My View: Reforming System to More Expeditiously Free the Wrongfully Accused

West-of-MemphisThis week, I have been catching up on my rest and finally got to watch “West of Memphis,” a documentary that chronicles the conviction and partial exoneration of three young men who in 1993 were convicted of killing three eight-year-old boys.

This was a classic case of the police in a small town, without proper training or resources, reaching incorrect conclusions about a killing.  They had assumed this was a ritual killing, perhaps by a Satanic cult.  One of the boys was coerced into a confession and the rest of the case stacked up against them, leading to their incarceration for 18 years.

Unlike many people in this position, the boys became the cause célèbre for rock stars like Eddie Vedder and Henry Rollins.  They were able to tap into their own resources and pool it with others like Johnny Depp, to be able to hire retired crime scene investigators and other forensic pathologists to re-examine the crime, and, with the help of private investigators, re-interview witnesses.

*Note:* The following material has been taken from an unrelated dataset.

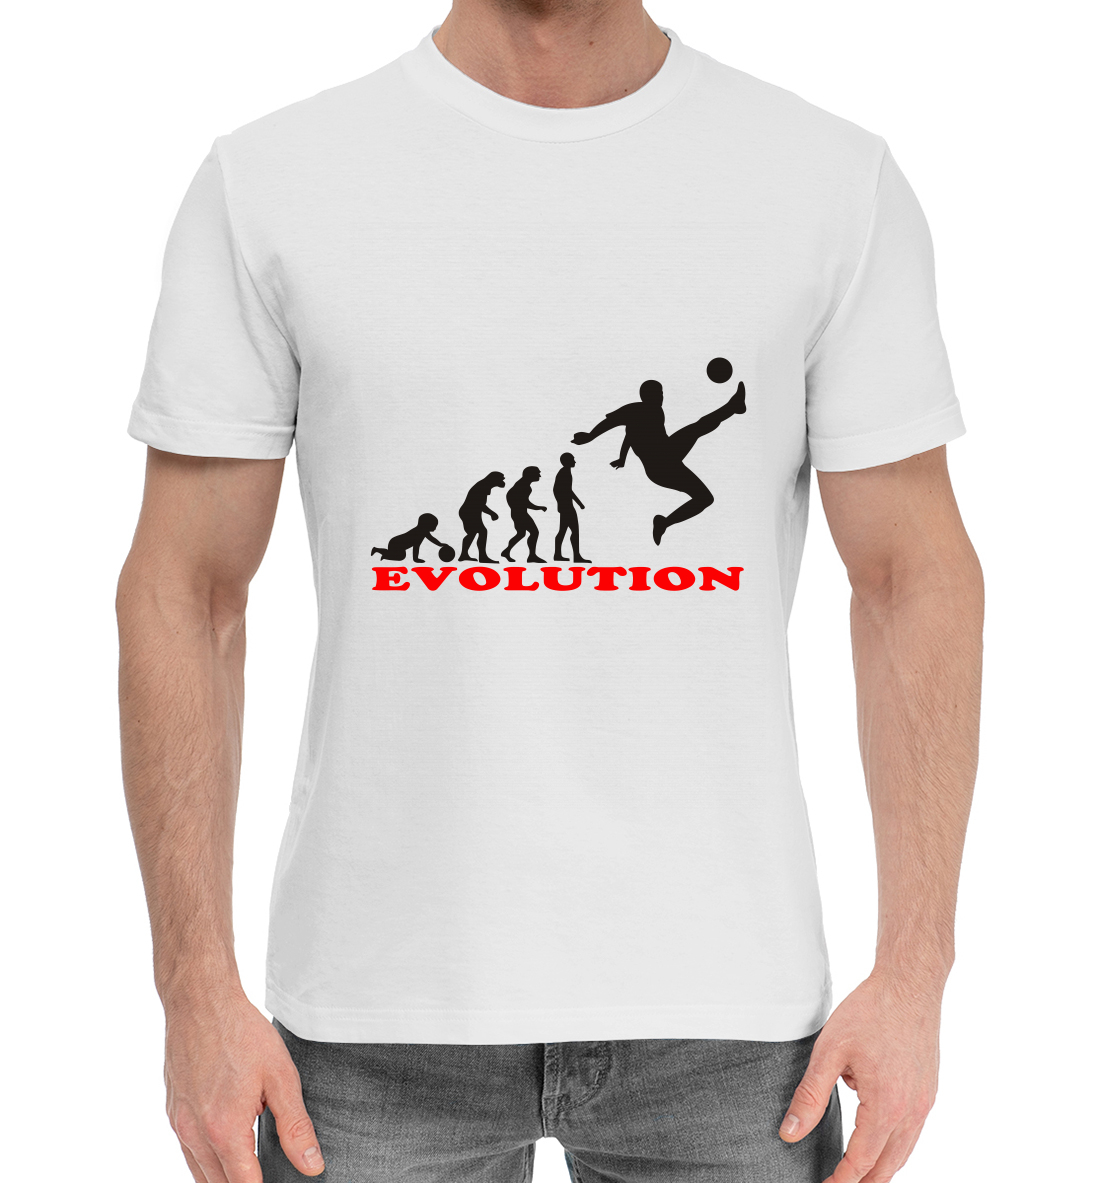 Мужская Хлопковая футболка Футбольная эволюция, артикул FTO-959795-hfu-2mp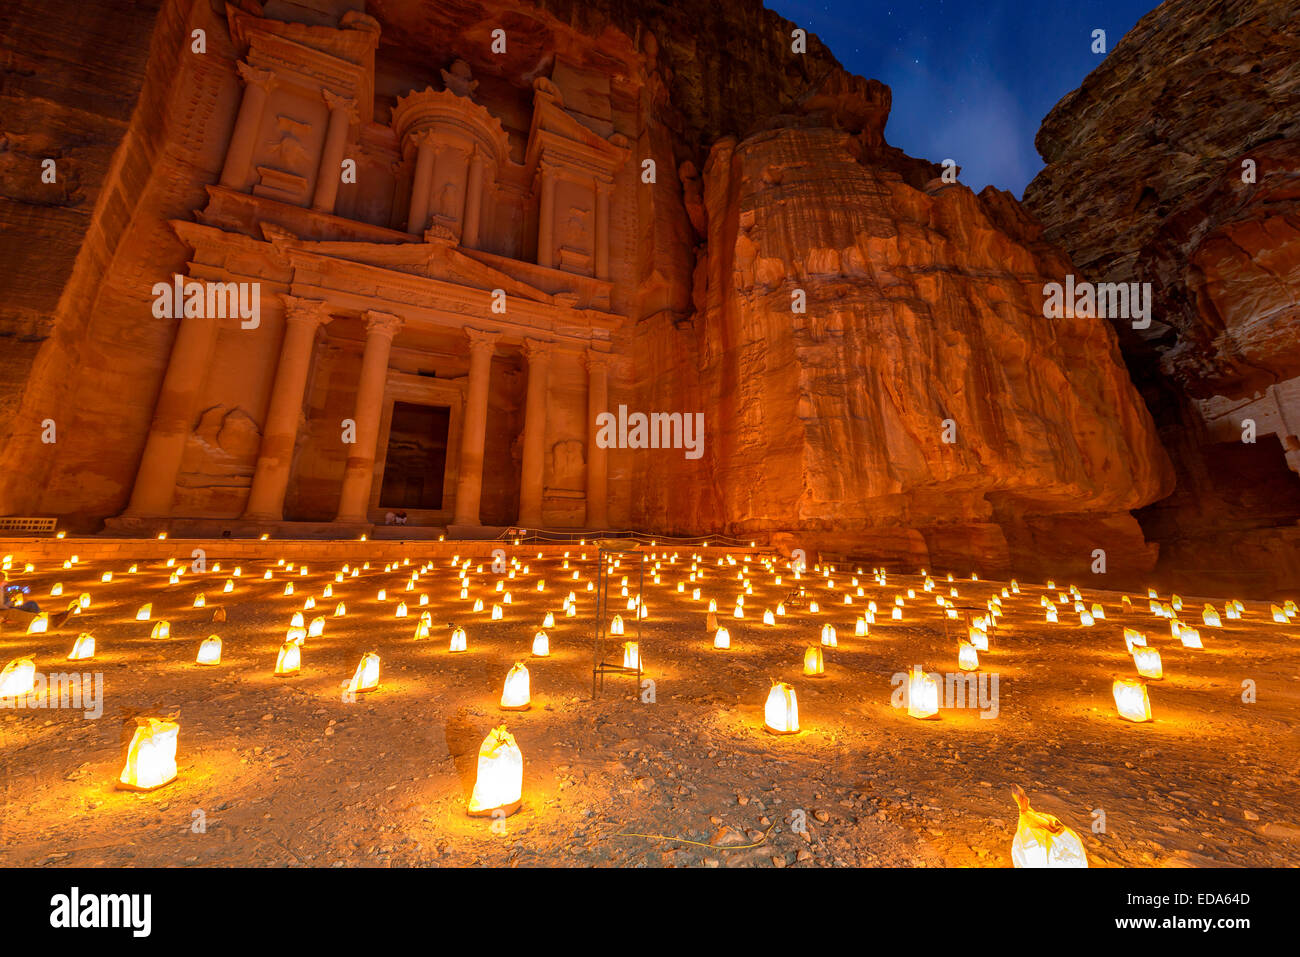 Treasury (Khasneh) in Petra, Jordan at night. Petra by Night in the light of 1,800 candles. Stock Photo

This led to the case unraveling for the prosecution.  The confession had huge holes in it, and while there was video taken of the confession, it was not taken of the interrogation.  Even so, it quickly became obvious that the police simply fed him the information to make the confession.

The animal bite marks after the kids were dumped in a waterway were mistaken for ritualistic sacrifices.

A re-examination of the bodies turned up hairs that did not match the boys.  Eventually, they were able to link a hair on one of the ligatures to one of the boy’s stepfather, and it became clear that all of the evidence pointed toward that man’s guilt.

And yet, in 2007, as papers were filed for a new trial including all of the new evidence, the original judge presided over that ruling and  denied the request for the retrial in 2010, arguing that the DNA tests were inclusive.

However, they would appeal to the Arkansas Supreme Court which, on November 4, 2010, ordered a lower court judge to consider whether the DNA evidence might exonerate the three.   They also caught a break as the original judge, David Burnett, was elected to the Arkansas State Senate and a new judge, David Laser, was selected to replace him.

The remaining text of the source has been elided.